JIMMY: 'Tony, where are you?
Is everything OK?'
Yeah, listen, erm,
yeah, I'm OK, yeah.
Listen, erm
we got a problem with the cab.
'Cab? Ah, shite, Tony.
Did you have a crash or something?'
No, no, it's nothing major.
I think it's probably the cam belt,
or something.
'Right, well, get it over
to me and I'll get it to my guy.
'He'll sort it.'
Yeah, I
'I need the cab on the road, Tony.'
Yeah, I'll sort it.
I'll sort it, OK.
'Every day it's off the road
costs me a bloody fortune.'
OK, all right,
yeah, two days tops, mate. Yeah.
'Two days max, Tony, all right?'
Yeah, leave it with me.
'All right, bye.'
OK, bye. Bye, bye.
WOMAN: 'Police have now named the
victim of this morning's hit-and-run
'as 48-year-old Steven Murray.
'Murray remains in a critical
condition in hospital,
'and police are continuing
to appeal for witnesses.
'As they look to examine
'CCTV footage from the area
around the incident,
'our reporter
Shauna Williamson spoke
'to DS Marshall,
who is investigating the case.'
DS MARSHALL: 'We would like to
appeal to anyone who might have seen
'anything suspicious this morning
to come forward.
'We know it was the early hours
of the morning, but the incident
'took place on West Derby Road,
which is a busy thoroughfare,
'and we are very confident
somebody will have seen something.
'This was
a particularly nasty incident,
'in which the victim
was left lying in the street
'with life-threatening injuries.
'It's imperative
we find the person responsible
'for this callous
and cowardly attack
'and bring them before the court,
'before they commit
any further offence.'
'So, the victim of the hit-and-run
'was Steven Murray,
'he's got a list of convictions
the length of my arm.
'He's been done
for selling class A drugs,
'he's been done for fraud,
deception, burglary,
'and assault -
no less than three times.
'That's right, folks, you
heard me correctly - three times!
'So I think we can safely say
that our friend Mr Murray
'has been something of a menace
to society.'
But even so, are there ever any
circumstances when it's acceptable
to take the law into your own hands
and to meet out justice?
I mean, you know,
we're all capable of losing it.
'Myself as much as the next person,
'but but surely
it can never be justified?
'Eddie, my friend,
you are on Night Talk.
'What's on your mind, mate?
EDDIE: 'Rat, lad!

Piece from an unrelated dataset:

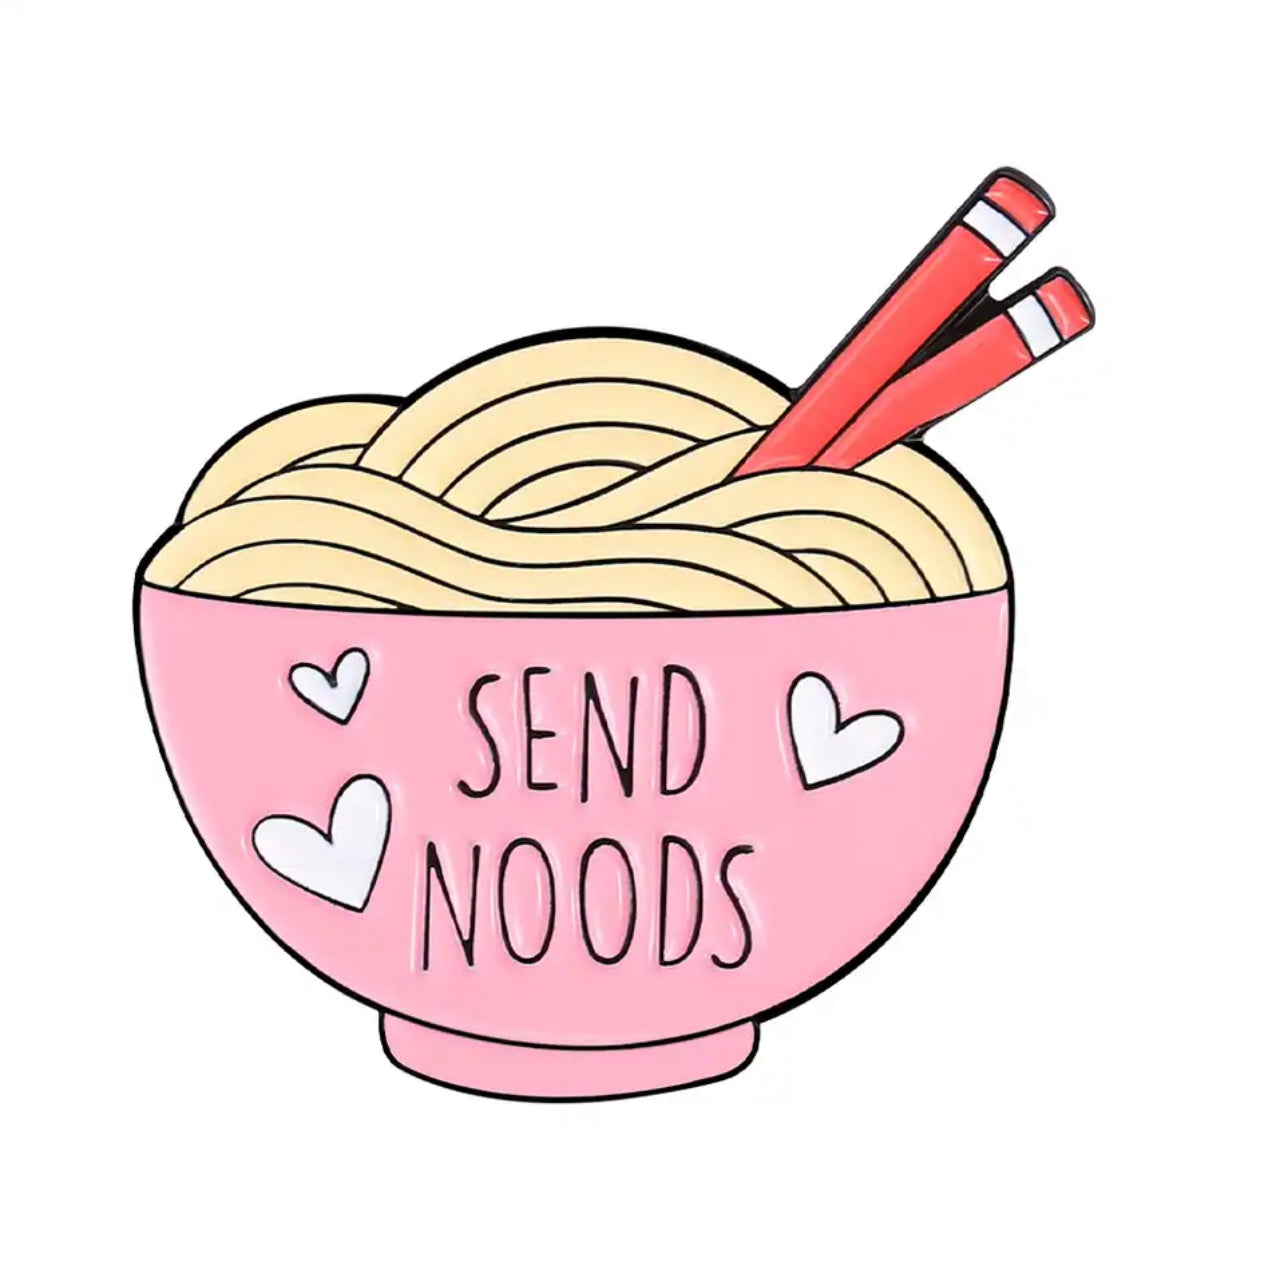 Send noods

And d'you know
what, that Ste Murray is a rat.
'And I bet
the rest of his family are rats.
'And d'you know what,
the only way to deal with rats is
'to exterminate them before they
bring any more rats into the world.'
Right! Well, you know,
thanks for that nugget, Eddie.
Er, Sue?
SUE: 'Lawrence,
I'm afraid I don't think
'we're gonna see eye to eye
on this one.
'Yeah, and why's that, Sue?
'Because people are fed up with
the Ste Murrays of the world.
'Oh, Sue, isn't he
the actual victim in all of this?
'Oh, don't make me laugh!
'Well, he is in hospital
on life support.
'And that's not really
a laughing matter, is it, Sue?
'But what if Ste Murray hurt
someone close to you, Lawrence?
'Your daughter or your wife?
How would you feel?
'I hear what you're saying, Sue.'
'I'm not sure you do, Lawrence.'
Oh? Come on, Sue, I mean,
two wrongs, they don't make a right.
'No, we'll just have
to agree to disagree.
'Ok, Sue, well, thanks for that.
'You look after yourself,
and give my love to Kenny.'
'Ah, thanks, love.'
'Sam from Speke,
you're on the line.'
SAM: 'All right, Lawro,
so, are you saying
'it wouldn't be acceptable
to take out a terrorist, then?'
Yeah, that's different, mate.
Isn't it?
If there's a clear
and present danger, then certainly.
'Well, you're tryna tell me
this Murray fella
'wasn't a danger to life.
'That he's never been off his head
when driving?
'That he's not been tooled up
when breaking into people's houses?
'That he hasn't gone on a night out
carrying a knife?
'You tell me
how that's any different, go on.
'Go on.'
And you're saying
that makes him fair game, yeah?
'Too bloody right it does, yeah.'
I suppose, you know,
when you put it like that, mate,
it's hard to argue, isn't it?
'Whether it'd stand up in a court
of law, I'm not so certain, mate.'
'Well, that's up to the court,
As for the court of Night Talk,
you the jury have delivered
your verdict loud and very clear
in the matter of the hit-and-run
case of Mr Stephen Murray.
Case is dismissed.
All right, Rob?
Oh, hello.
Rosa in work?
Yeah, yeah, she's upstairs.
Although she probably shouldn't be.
Er, why?
Because some nutter ran over her ex
and then just drove off.
Fuck right off.
Mate, what the fucking hell
is wrong with you?
Ey, I warned you, didn't I,
to stay out of it.
I don't know
what you're talking about.
Yeah, OK, fuck off, fuck off.
You what?
OK, where's your cab?
It wasn't running too smoothly,
I thought it might cut out.
I think it needs a new cam belt.
Yeah, of course it does, yeah.
Do you know anyone who can sort it?
I need it done fast.
Mm-hm, I bet you do.
Do you know anyone?
Why would I want dragging
into your shit, hm?
It goes no further. Promise.
Please, mate.
There's a place
just off the dock road.
It's called Paddy's Autos,
it's on Regents Street, OK?
Now, it's
it's run by a bunch of rough arses,
but, er,
they'll do a decent enough job.
No, no.
This. I don't want nothing else
to do with this.
D'you hear me?
One of the other drivers
told me about Ste.
I mean, what happened?
Someone knocked him over
and left him lying in the road.
Jesus H.
He's in hospital. In a coma.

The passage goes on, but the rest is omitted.